Enterprise AI systems increasingly rely on language models to perform complex reasoning tasks. But when it comes to algorithmic reasoning, a fundamental question remains: Is it better for an AI to reason in natural language or in code? A new paper on arXiv from researchers Tong, Terry, Feng, Yu, Goel, Surbhi, Roth, and Dan attempts to isolate the factors that contribute to performance gains in tool-augmented language models.

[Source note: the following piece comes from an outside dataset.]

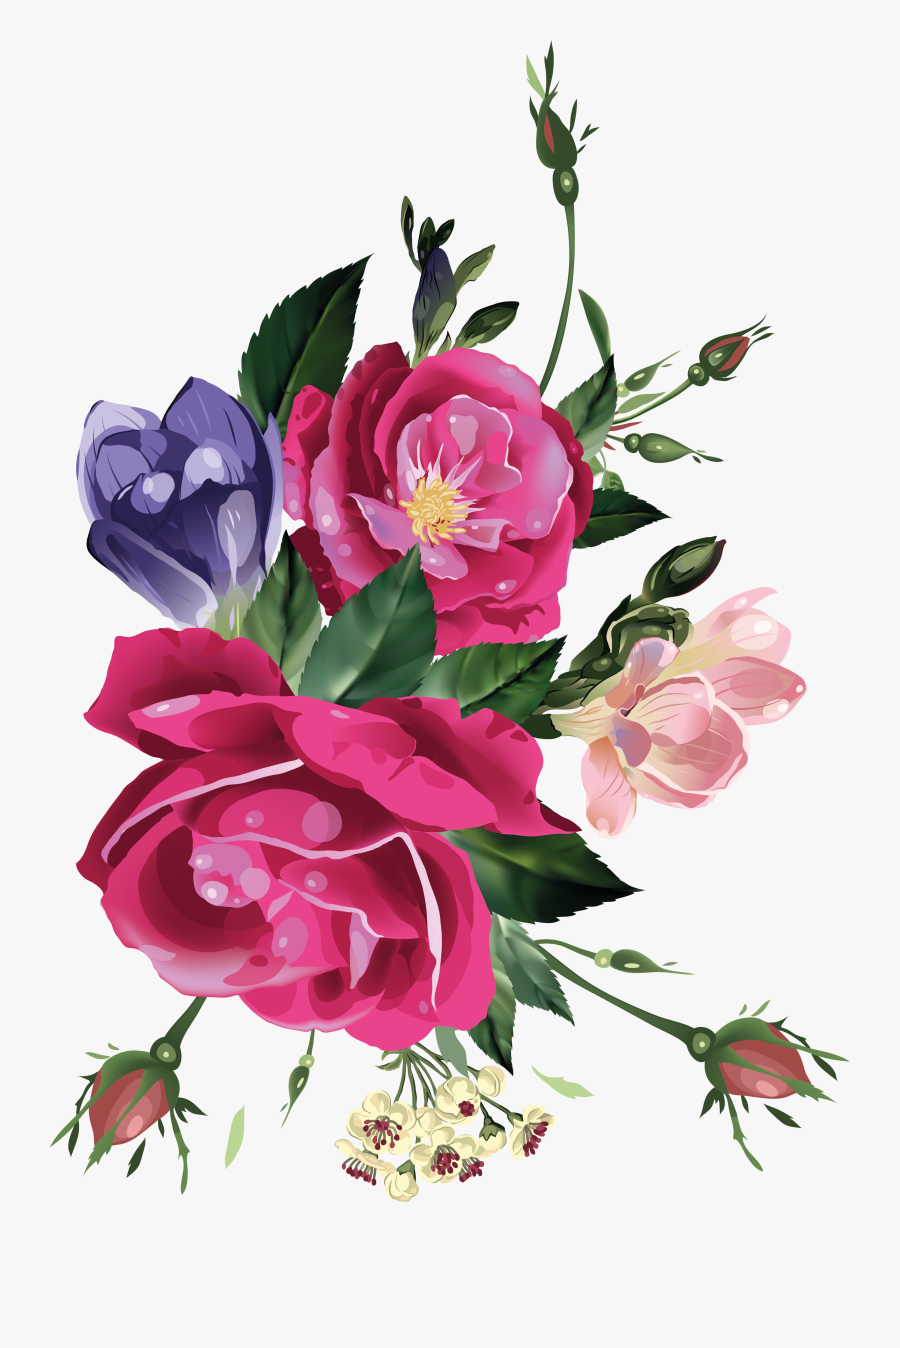 Decoupage Flowers - Flowers Image For Decoupage, Transparent Clipart

The study addresses a key difficulty in comparing natural-language reasoning with code-execution pipelines: the comparison changes both the intermediate representation (language vs. code) and the execution mechanism (simulated in context vs. deterministic external execution). To separate these factors, the authors designed an intermediate intervention where the model expresses its reasoning as executable code, but a language model simulates that code in context to produce an answer.
Benchmark Results
The researchers evaluated their approach on a 40-task verifiable algorithmic benchmark. The results are striking:
| Condition | Performance vs. Natural-Language Baseline |
|---|---|
| Deterministic code execution | +31.6 percentage points |
| Intermediate intervention (code representation, simulated execution) | +0.15 percentage points |
According to the paper, deterministic code execution outperforms natural-language reasoning by 31.6 percentage points. However, the intermediate intervention — which keeps the code representation but uses simulated rather than deterministic execution — was not meaningfully different from natural-language reasoning, with a difference of only 0.15 percentage points.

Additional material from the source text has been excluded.